Assim, a velocidade com que os estímulos chegam à economia é fator essencial num sucesso de um plano de estímulos, podendo quando mal executados ditar perdas de biliões à economia. A resposta ao plano de estímulos da Grande Recessão da década passada foi marcada por Stock Buybacks – na prática a empresa usa dinheiro que tem em caixa para pagar a acionistas, para estes deixarem de o ser, valorizando as restantes ações. Isto não só representa uma prática duvidosa, muitas vezes destinada a contornar impostos, como dificulta a chega de dinheiro à economia num período de estímulos. Dada a sua retenção em atividades financeiras, os gastos que seriam necessários acontecer na economia real demoram, tornando a capacidade de estímulo reduzida. Assim, o atual pacote Americano passa ainda por uma proibição temporária desta atividade.

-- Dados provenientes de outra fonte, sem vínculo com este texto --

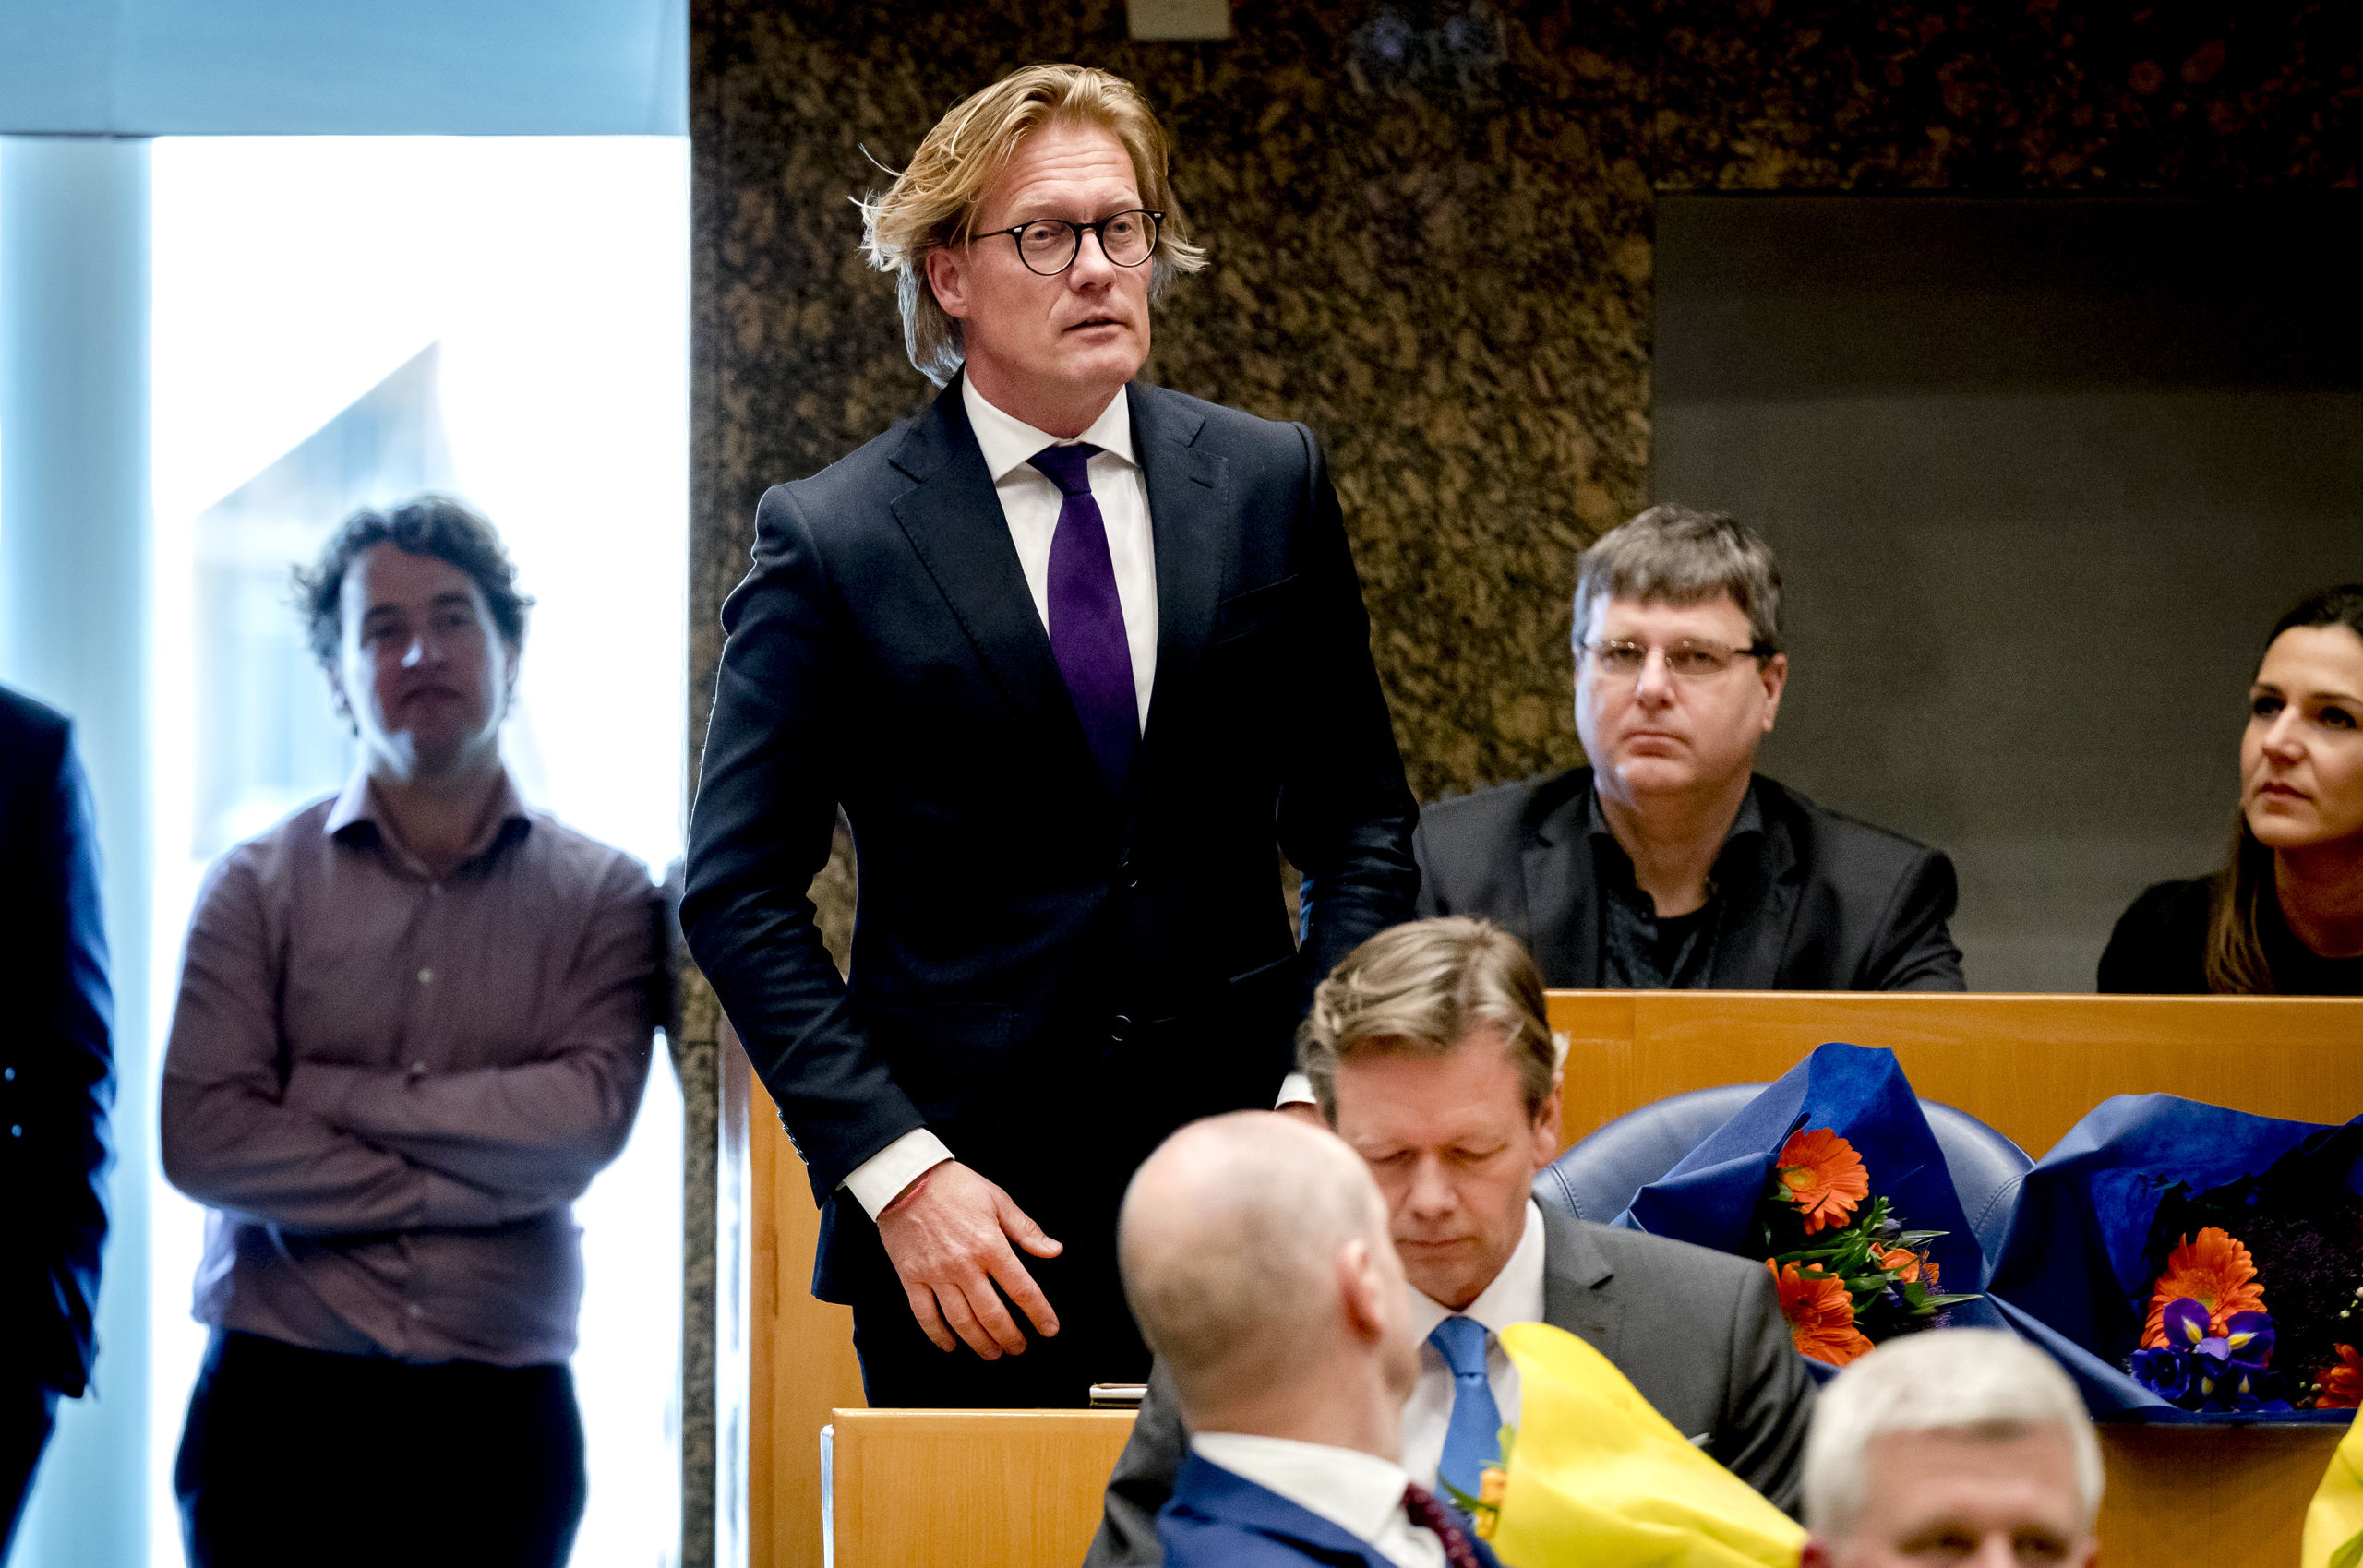 Martin Worsdorfer (VVD) legt de eed af tijdens de installatie van de nieuwe Kamerleden na de Tweede Kamerverkiezingen.
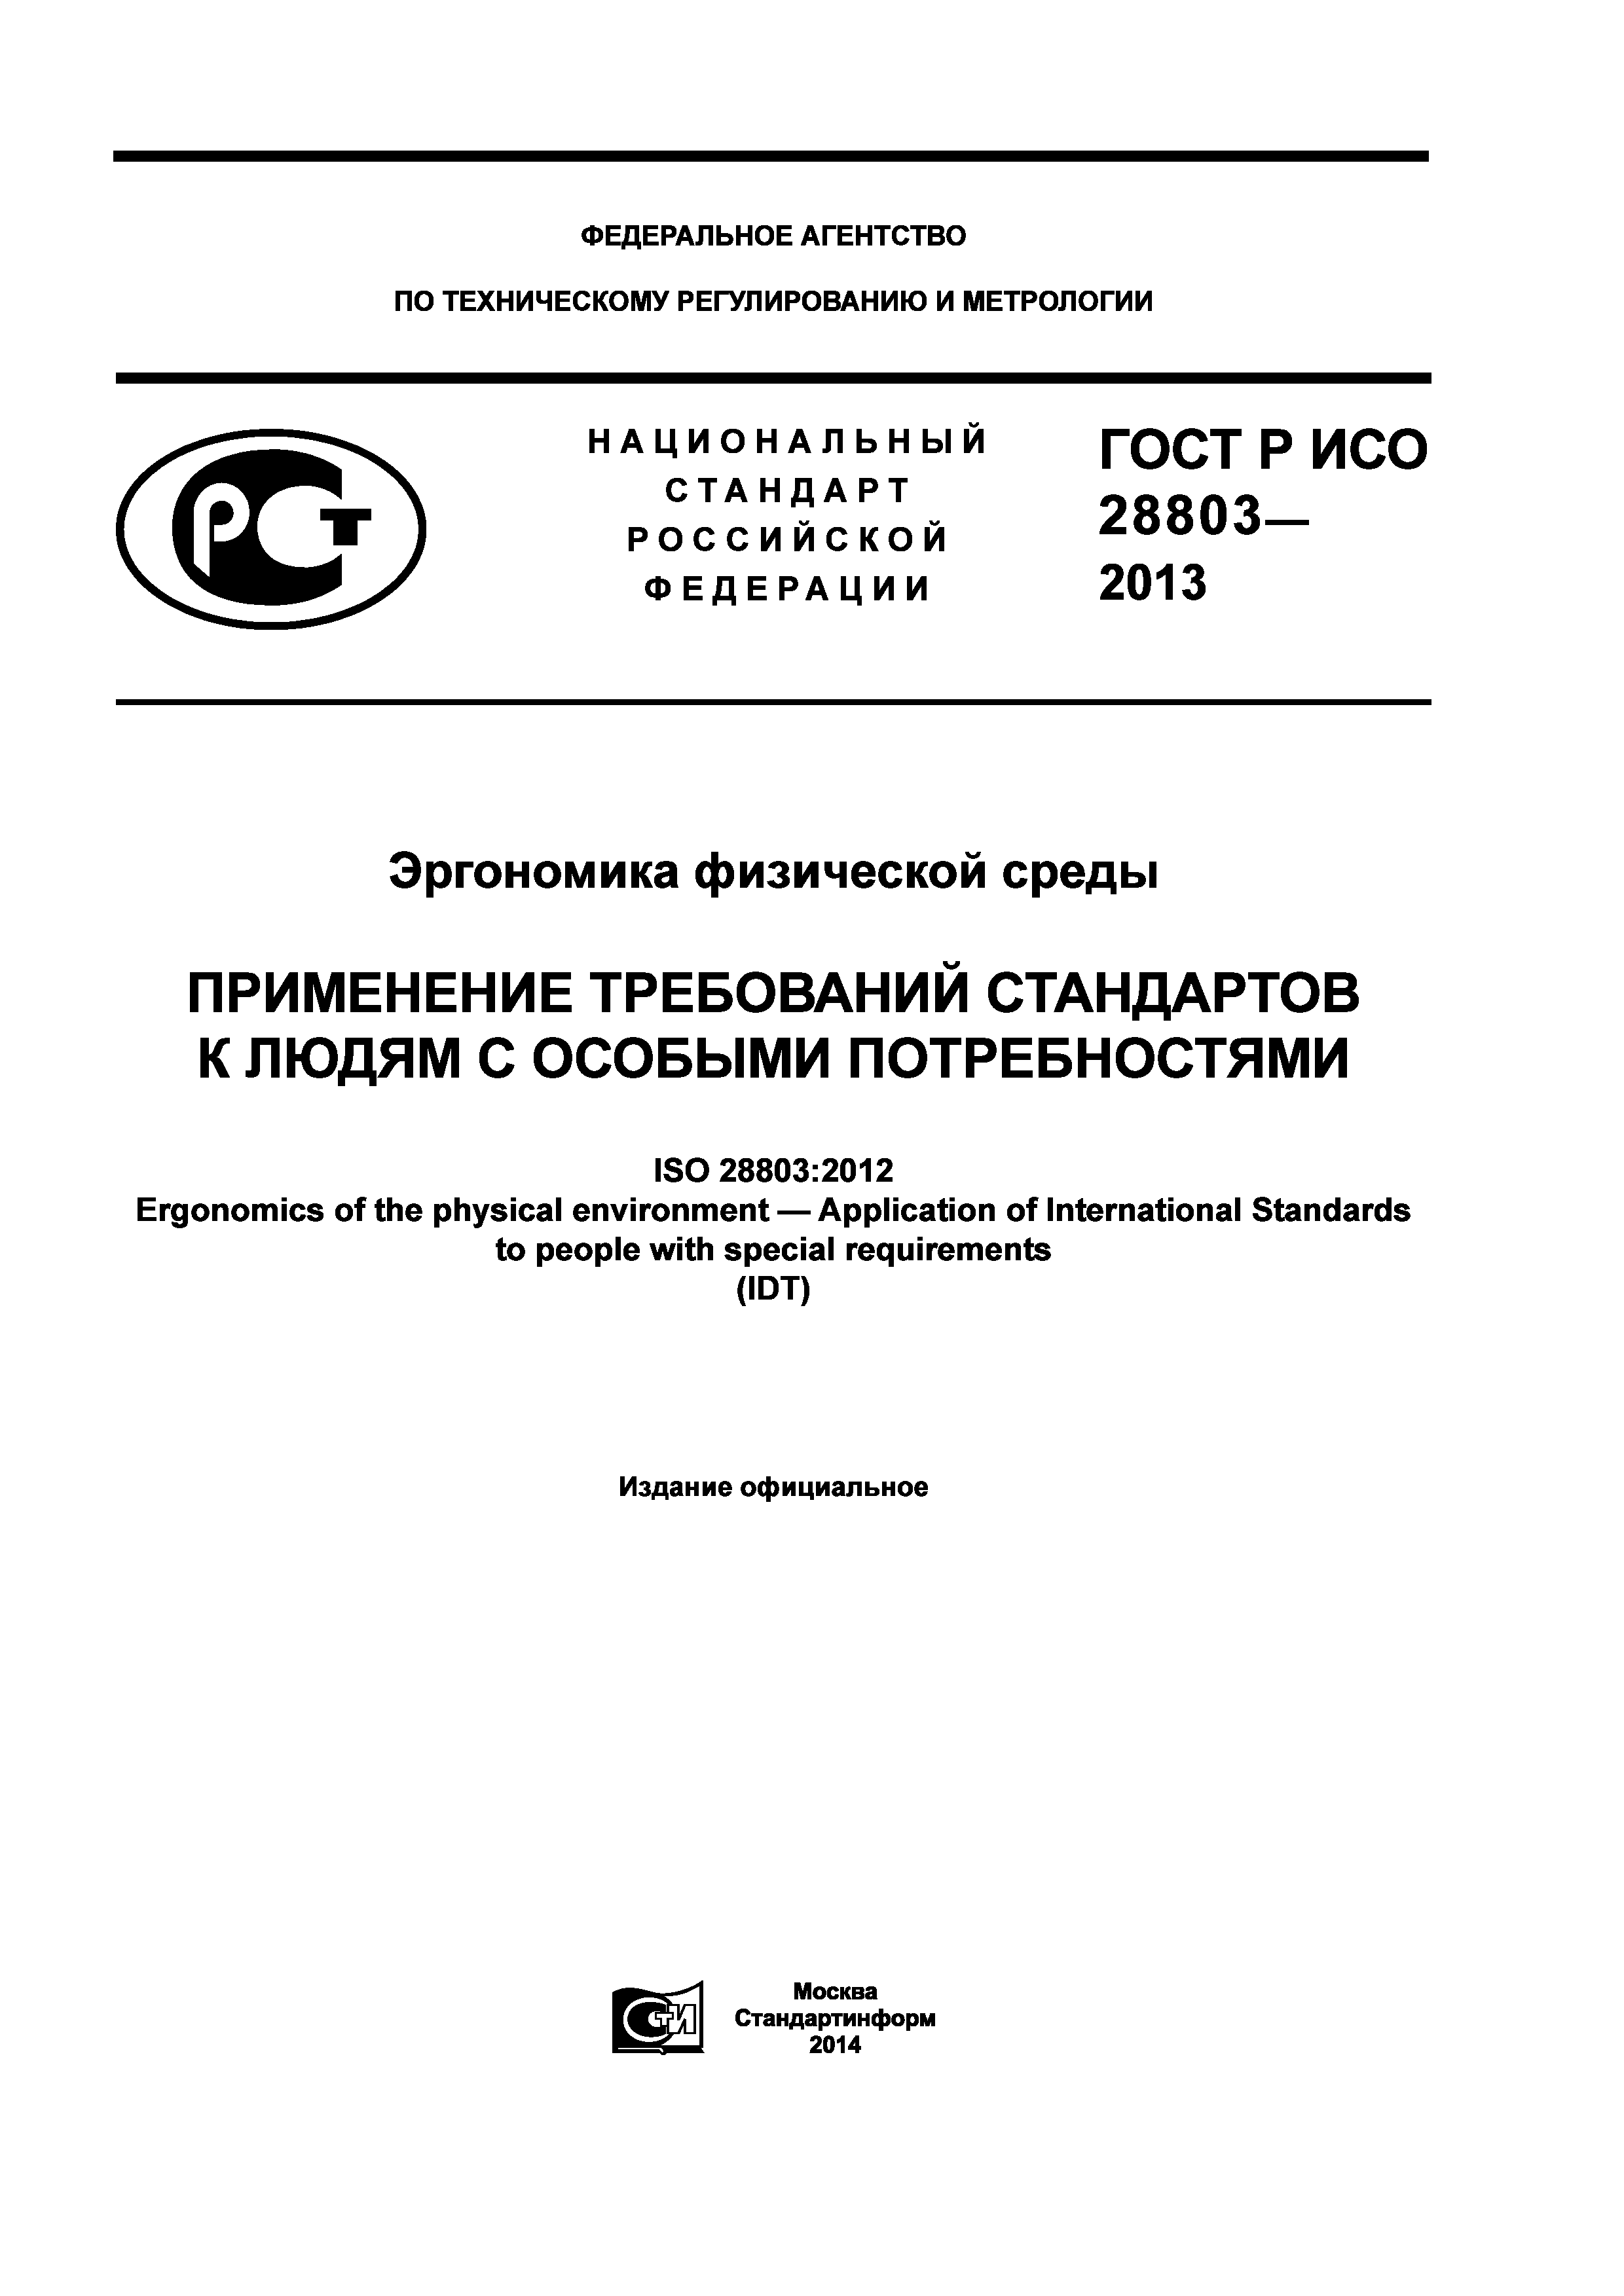 ГОСТ Р ИСО 28803-2013

Apenas uma dose de ingenuidade pode dar a entender o intervencionismo na economia que estará presente nos próximos tempos como uma guinada à esquerda por parte dos governos mundiais. A intervenção e planeamento sempre fizeram parte das ferramentas de quem quer perpetuar o lucro. Uma agenda que pretenda resolver os desafios existentes antes da crise do Coronavírus terá que passar por uma reconfiguração da economia com que se chegou a esta crise.